Les taux de syndicalisation durant les premières moitiés de 2006 et 2007

Le nombre moyen d’employés rémunérés au cours du premier semestre de 2007 s’est établi à 14,1 millions, en hausse de 283 000 par rapport à la même période un an plus tôt (tableau 1). Les effectifs syndicaux durant la même période ont progressé de 72 000 pour s’établir à 4,2 millions. Comparativement à l’an passé, l’emploi a moins crû alors que les effectifs syndicaux se sont accentués davantage. Par conséquent, le taux de syndicalisation est demeuré inchangé à 29,7 %.

Le taux de syndicalisation a diminué légèrement chez les hommes et les femmes. Le taux de syndicalisation des femmes, se situant à 30,0 % en 2007, a continué de surpasser celui des hommes (29,3 %).

Le taux de syndicalisation a légèrement augmenté dans le secteur public, passant à 71,7 %, mais est demeuré inchangé dans le secteur privé (17,0 %).

Sept provinces ont vu leur taux de syndicalisation augmenter. Des diminutions ont été enregistrées au Québec, en Saskatchewan et en Alberta (graphique A).

Le taux de syndicalisation est passé de 23,2  % à 22,9 % chez les travailleurs à temps partiel, mais il n’a pas changé chez les travailleurs à temps plein (31,2 %).

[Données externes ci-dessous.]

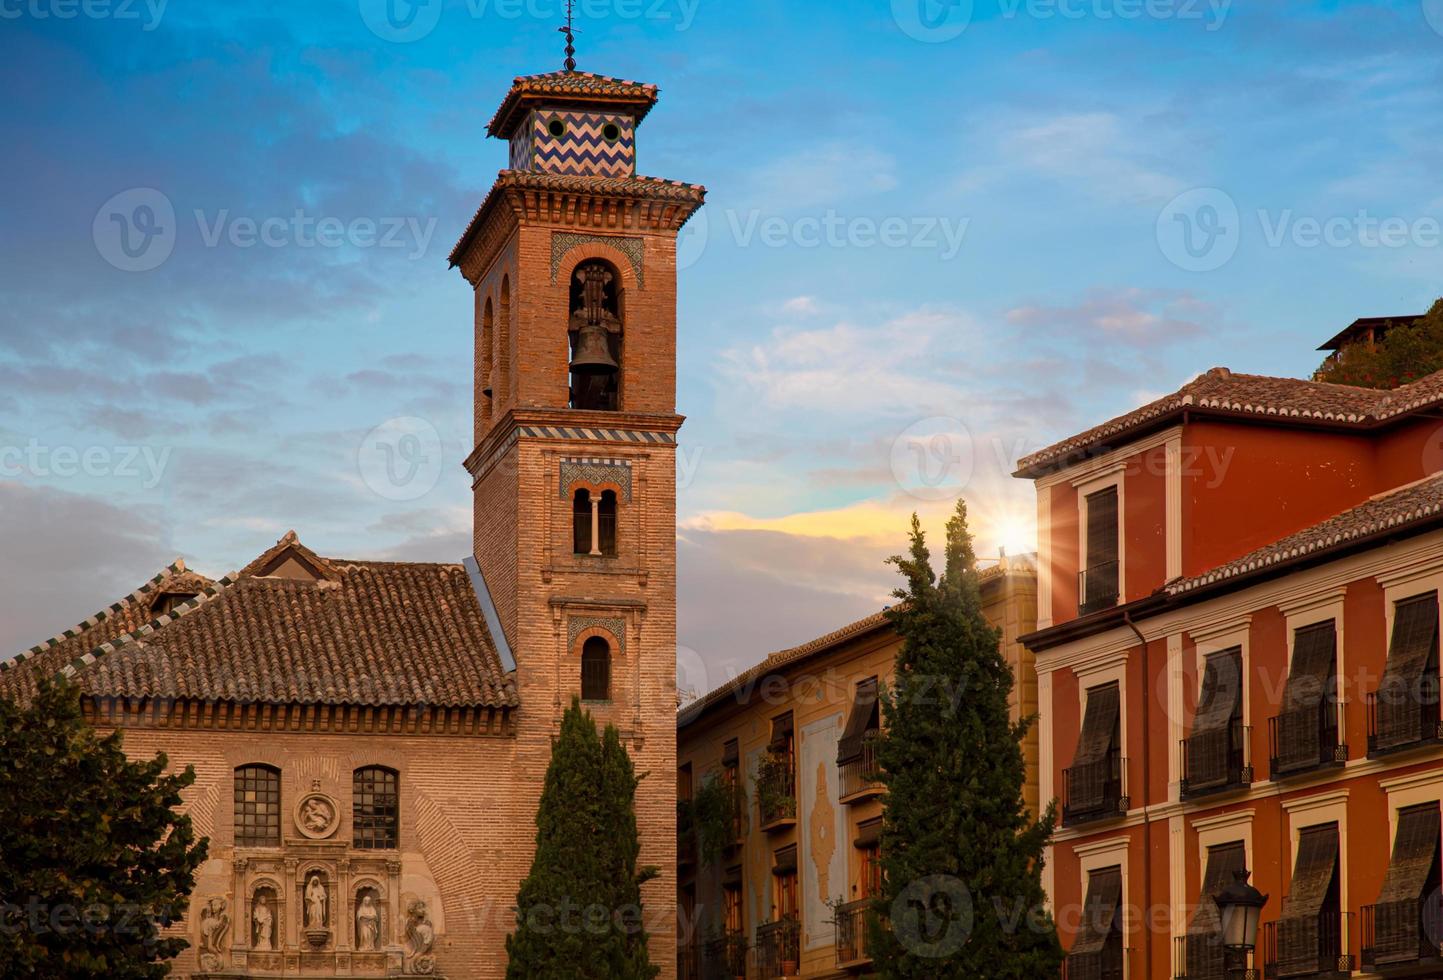 Spain, Granada streets and Spanish architecture in a scenic historic city center photo

Le taux de syndicalisation est demeuré à 30,2 % chez les employés permanents, mais il a diminué pour passer à 25,8 % chez les non-permanents. Ce taux a diminué dans les établissements de travail de moins de 20 employés et dans ceux de 100 à 500 employés. Par contre, il a augmenté dans les établissements de plus de 500 employés et dans ceux de 20 à 99 employés.

La syndicalisation a augmenté dans 8 des 16 grands groupes d’industries : administrations publiques; construction; information, culture et loisirs; commerce; services aux entreprises, aux bâtiments et autre; autres services; finance, assurances, services immobiliers et location et, enfin, hébergement et restauration. Elle a demeuré stable pour les métiers, transport et machinerie et pour les ventes et services. Par contre, elle a reculé dans le reste des groupes d’industries (graphique B).

Parmi les 10 principaux groupes de professions, la syndicalisation a augmenté dans trois d’entre eux, à savoir les affaires, la finance et l’administration, les sciences naturelles et appliquées ainsi que la gestion. Mais elle a demeuré stable pour les services professionnels, scientifiques et techniques et a chuté dans les autres (graphique C).

Le nombre d’employés non syndiqués mais assujettis à une convention collective était de 308 000 en moyenne, légèrement en baisse par rapport aux 316 000 enregistrés l’année précédente (voir Akyeampong, 2000, pour une description de ce groupe).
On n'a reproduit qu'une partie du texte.